Generaloberer Br. Michael Schmunk FMM

„Caritas Christi urget nos“

Die Liebe Christi drängt uns
(Wahlspruch unserer Ordensgemeinschaft)

Bruder Ignatius (Peter) Lötschert

Die Ordensgemeinschaft der Barmherzigen Brüder von Montabaur wurde im Jahr 1856 von Br. Ignatius (Peter) Lötschert gegründet.
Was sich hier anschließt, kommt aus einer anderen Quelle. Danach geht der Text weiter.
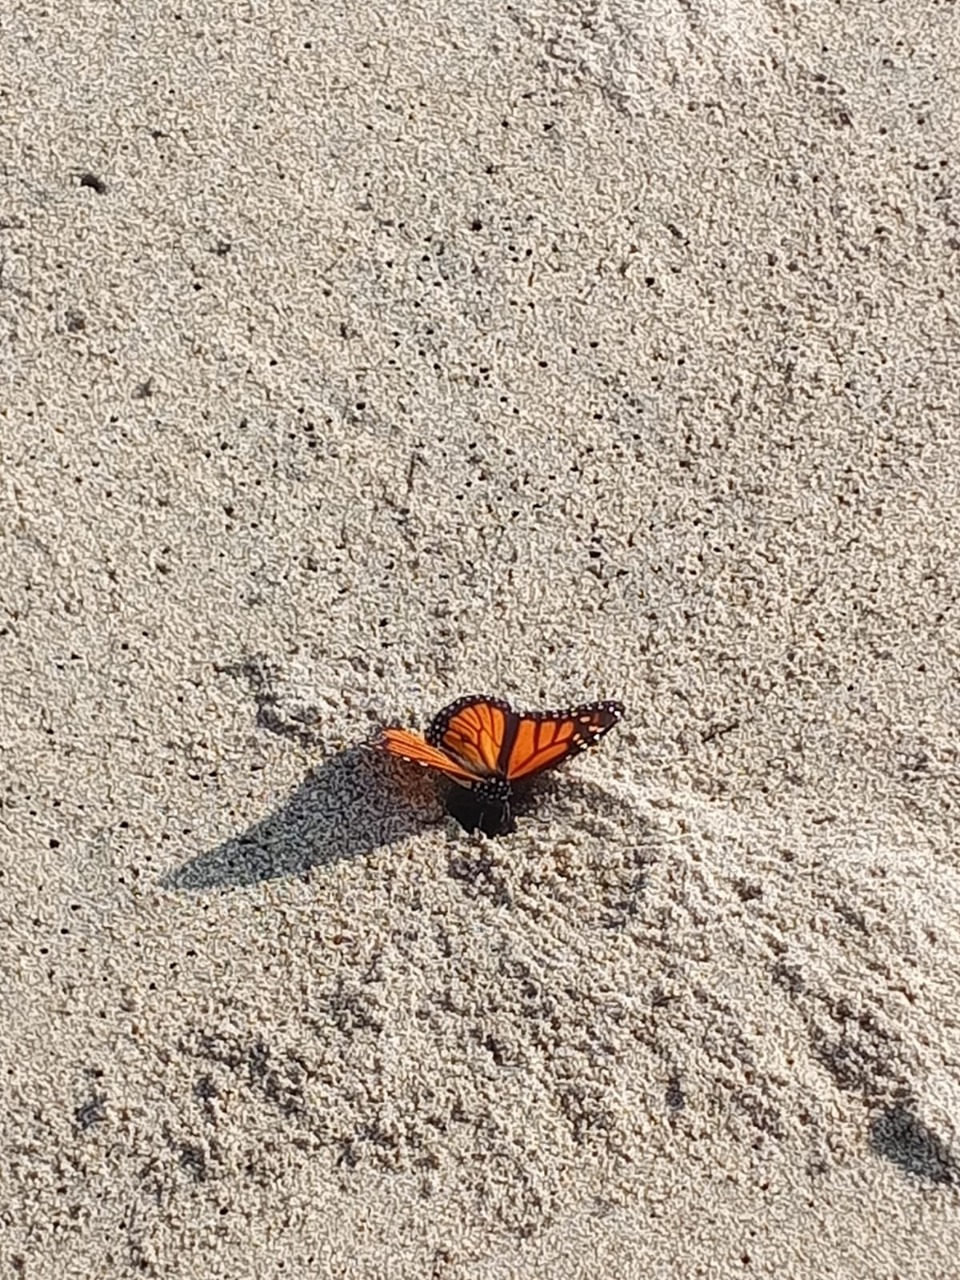 mariposa en la playa

Der Wahlspruch der Gemeinschaft lautet: „Caritas Christi urget nos“ und bedeutet „Die Liebe Christi drängt uns“. Dieser hat bis zum heutigen Tag nichts von seiner Aktualität und Aussagekraft verloren.

Seit der Gründung der Ordensgemeinschaft steht im Vordergrund der religiösen Aktivitäten das vielfache Bemühen, dem Auftrag im Sinne des Evangeliums gerecht zu werden, der die Zuwendung zu den Menschen beinhaltet, die alt, hilfesuchend und bedürftig sind. Christlicher Glaube und professionelles Engagement gehören in unserem Haus untrennbar zusammen und lassen sich aus der biblischen Grundlage ableiten.

Unsere Ordens-Aktivitäten

170 Jahre Nächstenliebe: Die Barmherzigen Brüder feiern Jubiläum

Seit fast zwei Jahrhunderten prägt die Ordensgemeinschaft das soziale Gesicht von Montabaur und dem Westerwald. Was 1856 mit einer kleinen Gruppe begann, entwickelte sich zu einer weltweiten Erfolgsgeschichte der Caritas.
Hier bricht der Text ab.